_Exercise brief:_ Lines from the first one down to the one containing "Jumping dolphin Bild" in the data below are the only ones needed; please return them exactly, both ends included.

---*---

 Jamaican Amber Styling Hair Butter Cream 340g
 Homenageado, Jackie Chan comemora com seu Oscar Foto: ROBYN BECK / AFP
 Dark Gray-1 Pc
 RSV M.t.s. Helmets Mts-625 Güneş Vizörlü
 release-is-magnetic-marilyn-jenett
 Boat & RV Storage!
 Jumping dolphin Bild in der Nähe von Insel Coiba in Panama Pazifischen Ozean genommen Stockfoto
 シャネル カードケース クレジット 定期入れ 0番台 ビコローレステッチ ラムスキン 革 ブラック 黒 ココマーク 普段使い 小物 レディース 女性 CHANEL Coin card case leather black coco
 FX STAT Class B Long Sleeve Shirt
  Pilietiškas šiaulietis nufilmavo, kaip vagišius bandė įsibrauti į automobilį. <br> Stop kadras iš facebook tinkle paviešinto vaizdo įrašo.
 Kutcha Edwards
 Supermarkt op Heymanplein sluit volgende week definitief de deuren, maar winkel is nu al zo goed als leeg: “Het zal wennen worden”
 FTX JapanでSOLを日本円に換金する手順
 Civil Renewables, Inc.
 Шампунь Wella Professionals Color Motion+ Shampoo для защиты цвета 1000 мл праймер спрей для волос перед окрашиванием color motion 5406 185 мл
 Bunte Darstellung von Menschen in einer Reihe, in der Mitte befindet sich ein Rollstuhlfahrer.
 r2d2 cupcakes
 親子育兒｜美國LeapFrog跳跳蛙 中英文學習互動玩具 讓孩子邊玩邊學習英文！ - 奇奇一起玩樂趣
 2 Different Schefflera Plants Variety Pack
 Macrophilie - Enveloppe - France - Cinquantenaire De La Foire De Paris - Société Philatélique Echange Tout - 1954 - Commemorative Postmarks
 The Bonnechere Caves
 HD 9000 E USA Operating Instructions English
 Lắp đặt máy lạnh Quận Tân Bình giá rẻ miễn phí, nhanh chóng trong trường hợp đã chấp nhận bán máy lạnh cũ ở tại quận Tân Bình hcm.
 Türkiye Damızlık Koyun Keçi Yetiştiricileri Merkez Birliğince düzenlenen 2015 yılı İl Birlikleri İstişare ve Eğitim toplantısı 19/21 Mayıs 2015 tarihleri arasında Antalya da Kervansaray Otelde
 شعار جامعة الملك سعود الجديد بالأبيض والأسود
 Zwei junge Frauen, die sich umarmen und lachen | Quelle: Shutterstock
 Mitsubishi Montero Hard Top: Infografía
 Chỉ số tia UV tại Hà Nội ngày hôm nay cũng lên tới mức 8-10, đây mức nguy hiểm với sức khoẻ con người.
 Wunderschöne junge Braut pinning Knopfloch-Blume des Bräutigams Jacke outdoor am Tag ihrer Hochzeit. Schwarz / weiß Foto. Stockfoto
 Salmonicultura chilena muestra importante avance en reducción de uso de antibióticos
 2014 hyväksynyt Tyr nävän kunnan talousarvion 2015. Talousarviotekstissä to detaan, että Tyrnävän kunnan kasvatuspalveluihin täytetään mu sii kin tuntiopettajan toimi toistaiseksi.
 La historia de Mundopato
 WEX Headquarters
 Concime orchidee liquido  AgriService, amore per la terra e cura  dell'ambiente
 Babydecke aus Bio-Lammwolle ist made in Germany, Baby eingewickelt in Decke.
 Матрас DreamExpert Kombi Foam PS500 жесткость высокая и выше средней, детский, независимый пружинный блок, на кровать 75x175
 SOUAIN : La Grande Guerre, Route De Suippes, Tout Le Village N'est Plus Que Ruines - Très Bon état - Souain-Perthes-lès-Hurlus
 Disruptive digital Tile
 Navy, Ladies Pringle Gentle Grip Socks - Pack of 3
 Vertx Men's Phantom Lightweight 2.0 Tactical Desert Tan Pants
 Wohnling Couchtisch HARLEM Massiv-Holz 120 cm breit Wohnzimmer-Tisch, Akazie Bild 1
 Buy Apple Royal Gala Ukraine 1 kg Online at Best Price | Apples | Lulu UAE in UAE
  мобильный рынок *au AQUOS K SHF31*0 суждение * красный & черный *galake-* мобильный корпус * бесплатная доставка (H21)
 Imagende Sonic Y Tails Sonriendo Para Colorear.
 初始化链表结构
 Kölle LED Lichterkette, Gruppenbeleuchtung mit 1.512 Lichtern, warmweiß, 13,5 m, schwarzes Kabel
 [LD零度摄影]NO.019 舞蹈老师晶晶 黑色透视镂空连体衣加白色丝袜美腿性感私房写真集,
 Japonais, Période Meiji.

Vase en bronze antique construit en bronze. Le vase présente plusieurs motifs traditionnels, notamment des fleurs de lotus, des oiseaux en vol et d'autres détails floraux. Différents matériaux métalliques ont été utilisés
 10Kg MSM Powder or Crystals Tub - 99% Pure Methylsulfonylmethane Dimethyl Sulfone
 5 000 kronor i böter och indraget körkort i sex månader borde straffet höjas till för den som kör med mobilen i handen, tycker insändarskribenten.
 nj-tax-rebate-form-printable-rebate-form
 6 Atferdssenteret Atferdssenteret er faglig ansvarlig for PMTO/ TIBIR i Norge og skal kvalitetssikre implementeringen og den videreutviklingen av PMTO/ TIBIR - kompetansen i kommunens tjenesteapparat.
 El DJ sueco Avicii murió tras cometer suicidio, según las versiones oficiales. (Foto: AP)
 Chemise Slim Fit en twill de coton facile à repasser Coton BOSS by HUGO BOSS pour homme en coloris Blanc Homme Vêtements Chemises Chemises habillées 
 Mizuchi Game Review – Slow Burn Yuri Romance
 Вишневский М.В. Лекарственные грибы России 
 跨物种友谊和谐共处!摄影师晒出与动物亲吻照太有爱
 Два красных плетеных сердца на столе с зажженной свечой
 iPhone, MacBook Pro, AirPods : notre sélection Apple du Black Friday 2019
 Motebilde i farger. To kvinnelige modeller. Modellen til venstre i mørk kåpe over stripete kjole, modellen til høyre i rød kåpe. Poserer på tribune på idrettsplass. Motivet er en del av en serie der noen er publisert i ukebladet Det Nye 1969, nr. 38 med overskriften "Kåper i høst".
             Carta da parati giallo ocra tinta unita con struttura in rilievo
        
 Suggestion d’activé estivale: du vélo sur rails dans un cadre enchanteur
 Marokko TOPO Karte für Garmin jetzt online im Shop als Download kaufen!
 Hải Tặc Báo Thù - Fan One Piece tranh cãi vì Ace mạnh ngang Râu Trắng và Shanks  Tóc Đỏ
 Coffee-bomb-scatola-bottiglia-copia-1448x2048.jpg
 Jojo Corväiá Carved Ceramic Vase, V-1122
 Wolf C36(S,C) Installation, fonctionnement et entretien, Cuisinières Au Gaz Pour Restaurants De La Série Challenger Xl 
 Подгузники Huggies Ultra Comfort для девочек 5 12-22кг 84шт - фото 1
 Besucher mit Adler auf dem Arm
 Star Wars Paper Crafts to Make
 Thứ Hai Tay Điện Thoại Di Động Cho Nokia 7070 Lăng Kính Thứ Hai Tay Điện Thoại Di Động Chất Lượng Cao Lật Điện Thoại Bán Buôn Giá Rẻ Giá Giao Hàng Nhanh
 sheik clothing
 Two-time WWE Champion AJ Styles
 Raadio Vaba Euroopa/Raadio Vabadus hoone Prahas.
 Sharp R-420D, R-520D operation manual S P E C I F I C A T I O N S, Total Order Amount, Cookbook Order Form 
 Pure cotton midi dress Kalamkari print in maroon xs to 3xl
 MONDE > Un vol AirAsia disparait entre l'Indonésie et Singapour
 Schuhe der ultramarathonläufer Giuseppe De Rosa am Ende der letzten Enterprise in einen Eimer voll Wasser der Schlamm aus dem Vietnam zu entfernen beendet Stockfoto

---*---

_Output of the task:_
 Jamaican Amber Styling Hair Butter Cream 340g
 Homenageado, Jackie Chan comemora com seu Oscar Foto: ROBYN BECK / AFP
 Dark Gray-1 Pc
 RSV M.t.s. Helmets Mts-625 Güneş Vizörlü
 release-is-magnetic-marilyn-jenett
 Boat & RV Storage!
 Jumping dolphin Bild in der Nähe von Insel Coiba in Panama Pazifischen Ozean genommen Stockfoto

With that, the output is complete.